Indian Village Church

1

Cultural Hostility                     

Little or none                   

serious differences

2

Level of believers employed     

high 97%    

Perhaps 40% full time

3

Level of education                   

near 100 % high school   graduates       

very low %

 

4

Care of widows and Orphans           

Less/no care given        

Cares for widows and orphans

5

Economic situation                   

wealthy

Hand to mouth existence

6

Spiritual development            

reflects society 

more than Kingdom        

prays, fasts and actively involved in evangelism

 

7

Church outreach                    

self contained                 

involved in starting new fellowships

 

I'm sure there are many other areas of comparison. 

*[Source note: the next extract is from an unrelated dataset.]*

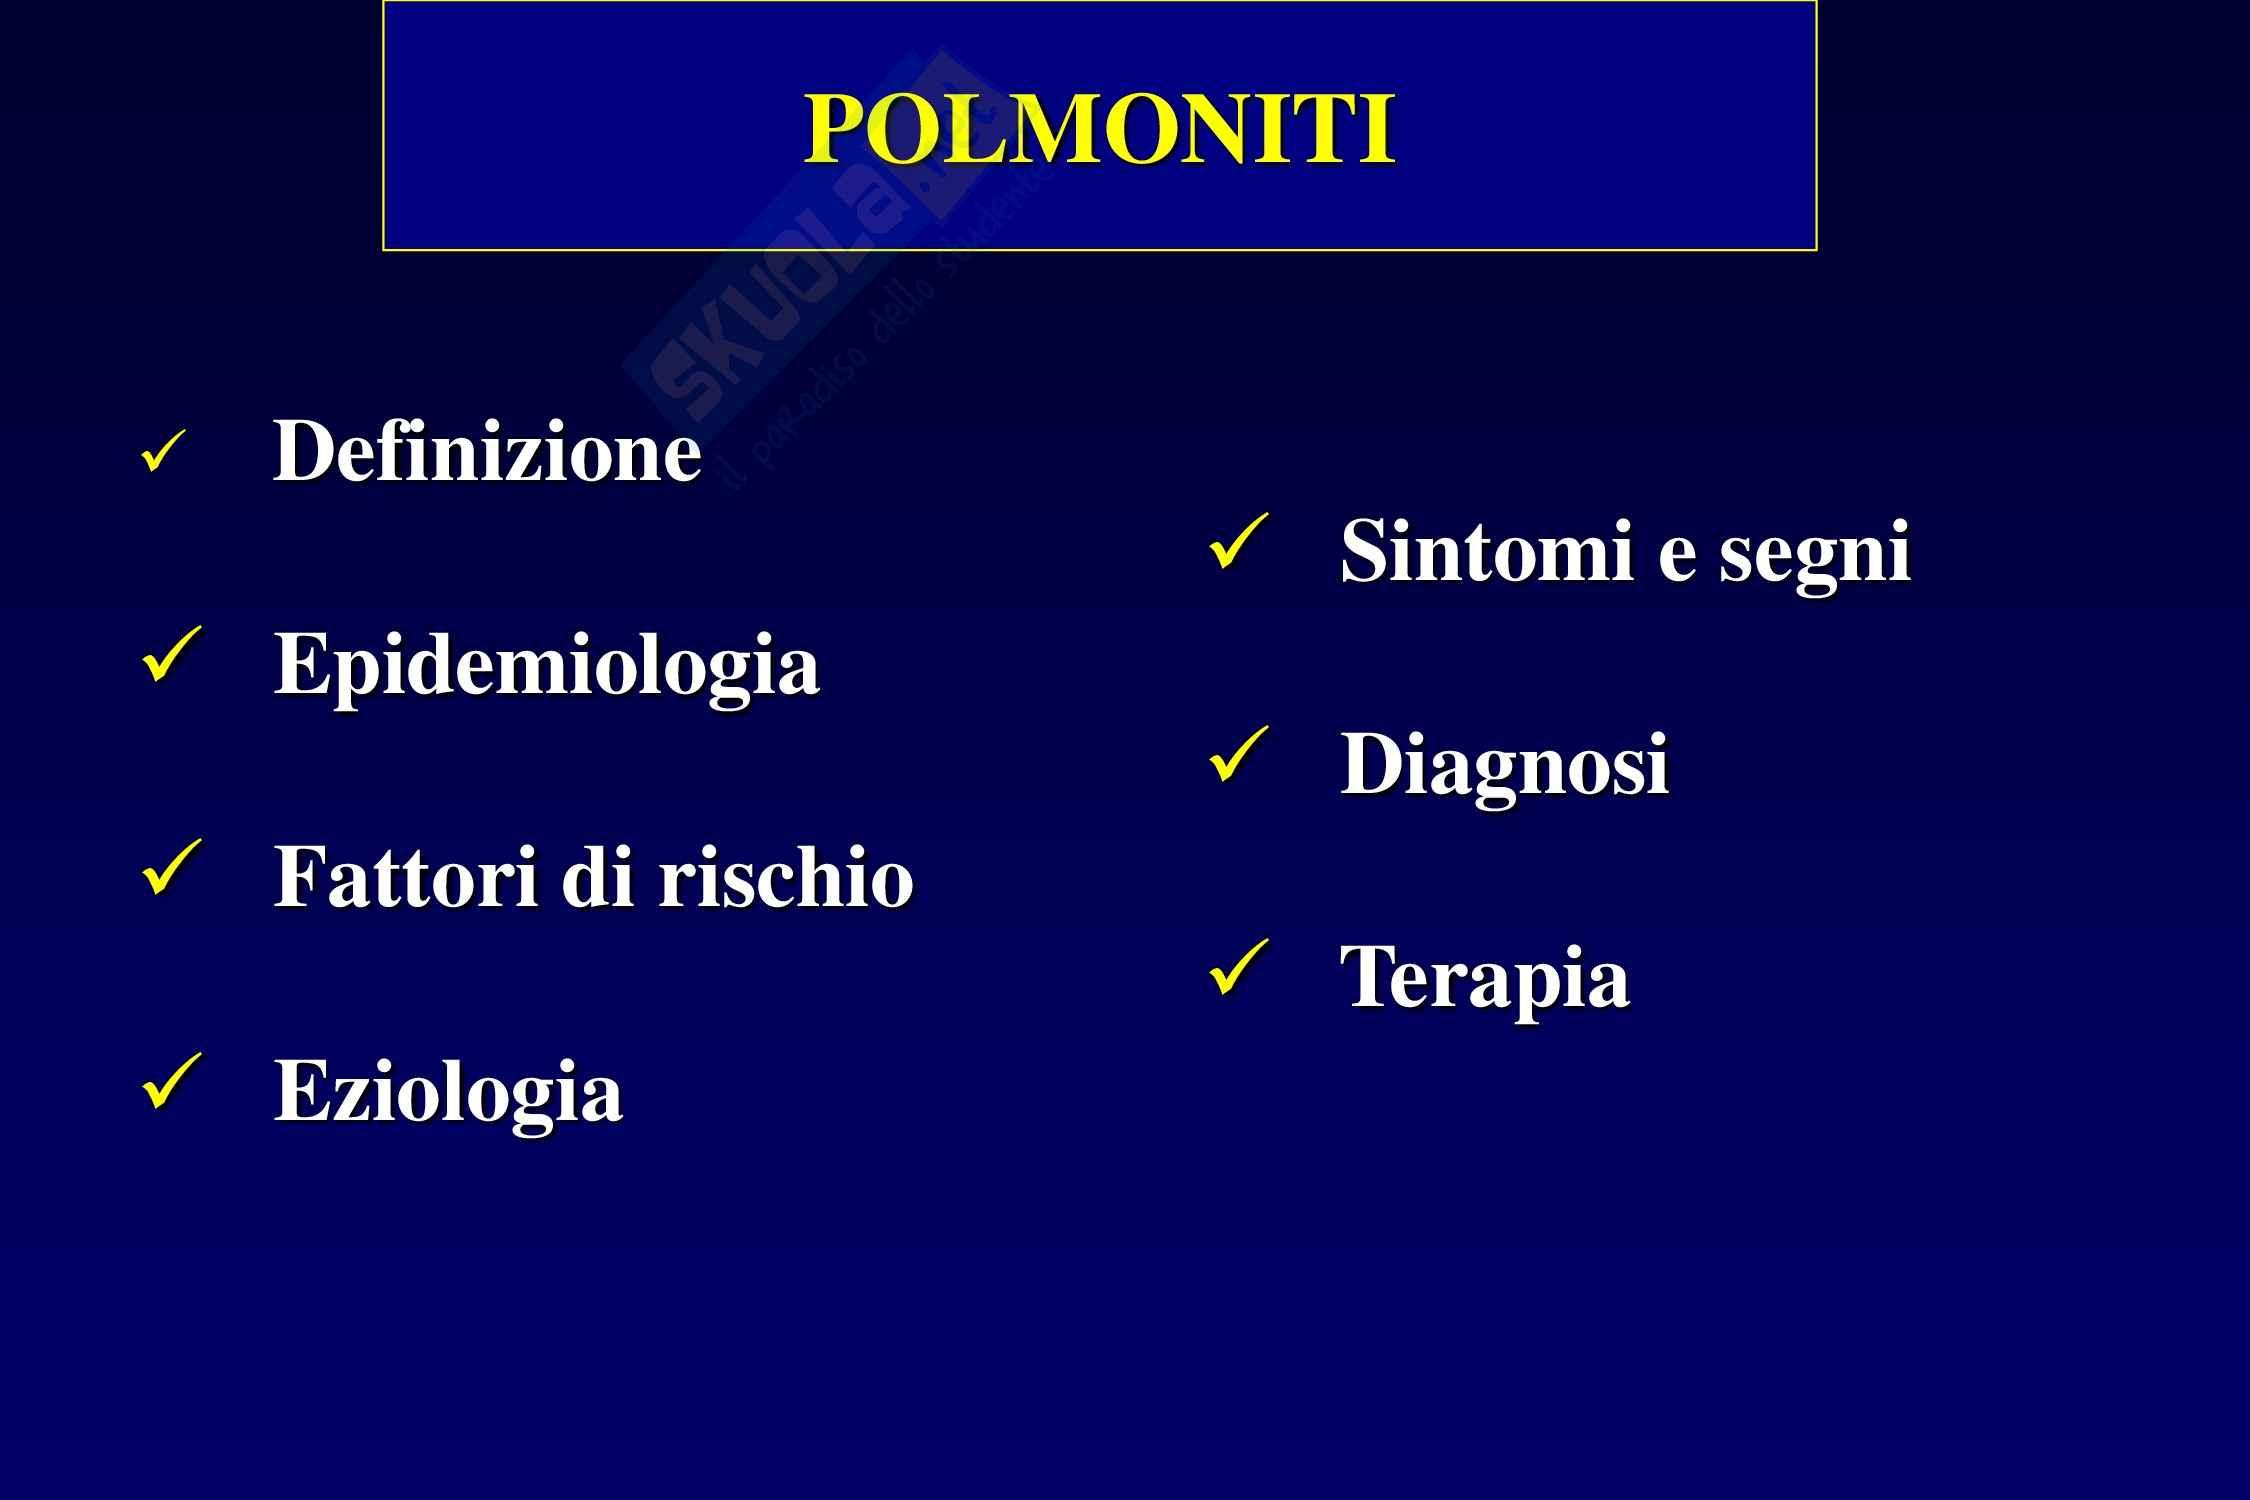 Polmoniti - Cause e fattori Pag. 6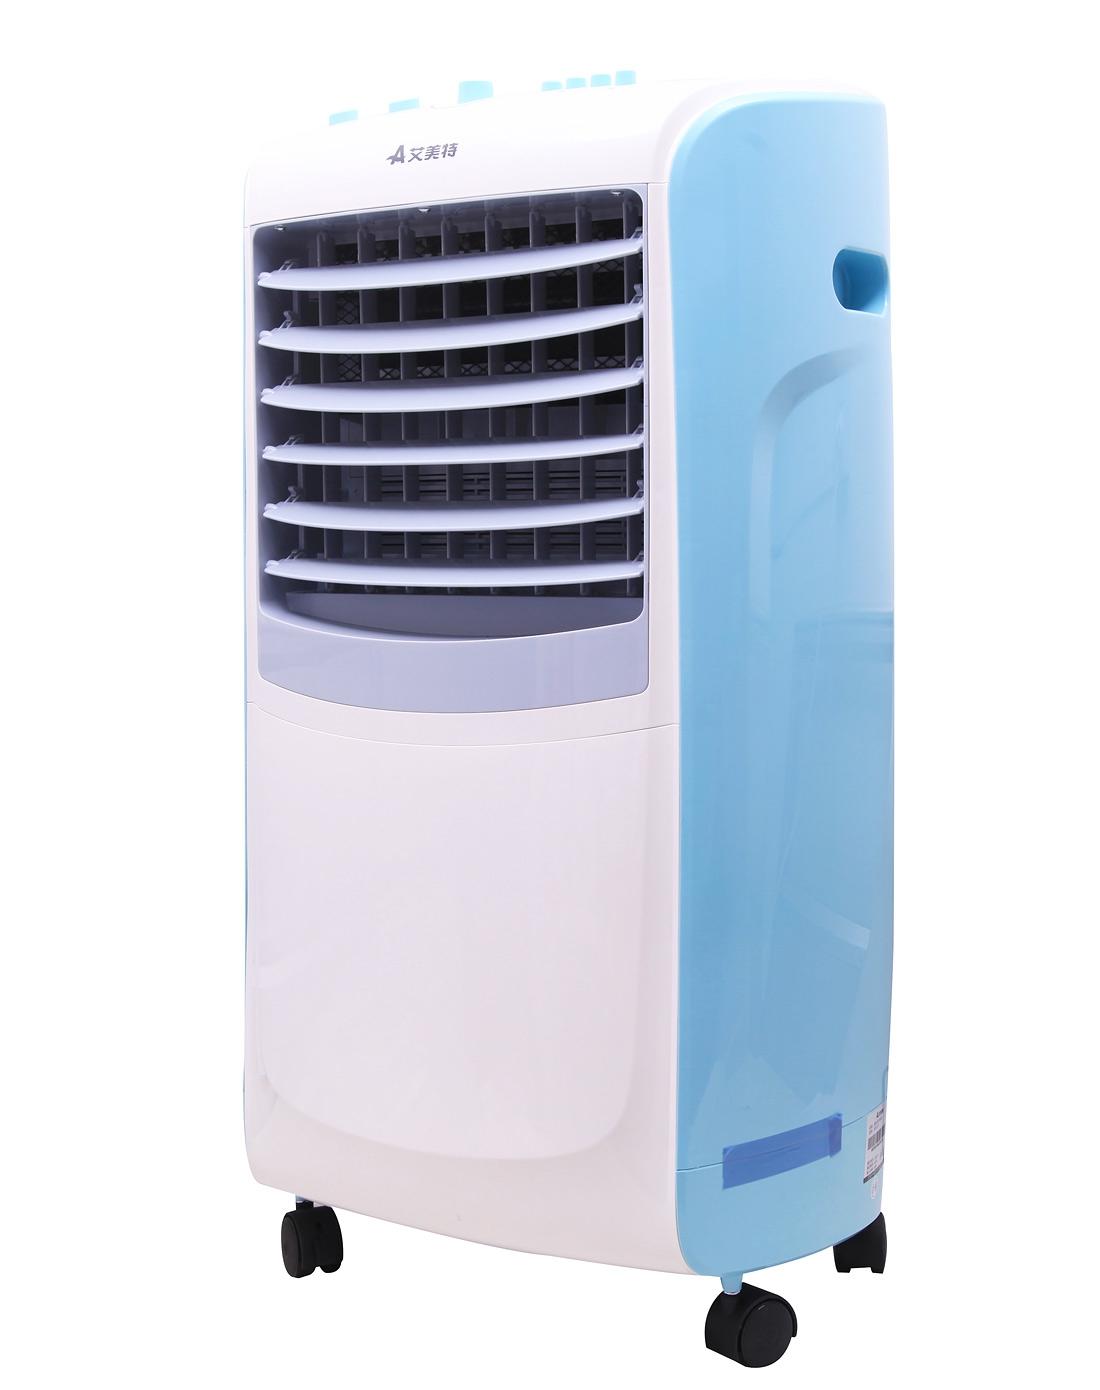 艾美特airmate电器艾美特蒸发式冷风扇cf617t

I hope you understand my heart, I am not saying these things to judge which church is superior and which is not. But there is a general misunderstanding from the Churches in the West that we (Indian and Asian Churches ) only and always seek help from the West. I don't believe this is true for all the Churches. Frankly, it is a great exaggeration.

I am not denying the fact that, there are many who seek help including our own mission work, and also receive unbelievably large and generous support from the West. Praise the Lord! I also want to acknowledge that there is a dangerous side of being dependent on the West or on some other. But to think that the Church in India or elsewhere is existing only with the support of the West and there is no local support - is something that I firmly disagree because it is not true. In our contexts - that is in Andhra Pradesh rural area - (I may not be very accurate on this but I am guessing in general) I suppose that less than 25-30% church only receive help from outside of India .

The support that we seek from the west is to enhance or further the work of God more efficiently and faster. It is also because more than 75% of the wealth is in the hands of Western Christians (according to some mission statistics about 5-7 years ago). Someone said that if the Church in the West thinks that they are doing a favor to the Churches in developing countries by giving money and other things, then that is not a biblical attitude but an attitude of worldly superiority. Church belongs to God and God will raise His Church. But by supporting each other I believe we are doing our part in God’s family.

From this, I am in strong faith that the Church in India enjoys the joy of 2 Cor 1:5 much more like other Churches with similar contexts. Believers in Indian villages give to the Lord out of their extreme poverty and they give it willingly as said in the scriptures.

1509301_4680181a878de078I hope to continue to dialogue on this and am willing to learn more on this. I just wrote what is in my heart with much prayer and reflection. These are my general feelings about the Church in the West but not particularly against any individual or Church. Please let me know what you think of this. I will be happy to hear from you.

My conclusion is this, please do not generalize and make hasty decisions based on some past experiences or because someone said it so, but rather, let the Western Church/Pastors/Mission leaders examine themselves if they too are dependent. Perhaps they are not seeing while pointing fingers at the Indigenous missionaries.

One last thing, I am saying this with much caution and love: I am not sure if a Western Pastor/Mission Executive/Leader/staff of a mission of organization would continue to serve and minister in the same ministry/organization if/when he knows that the next months check/money/support is not going to come or he will try to find another placement of job because he has a wife and children (I am not generalizing there may be exemptions)….But I know and am sure that almost all the Indigenous missionaries I personally know of in Asia or Africa will continue to serve the Lord no matter what may come…may it be persecution/famine/or anything.

Please do not misunderstand me for being harsh…I will be happy to hear and learn from you.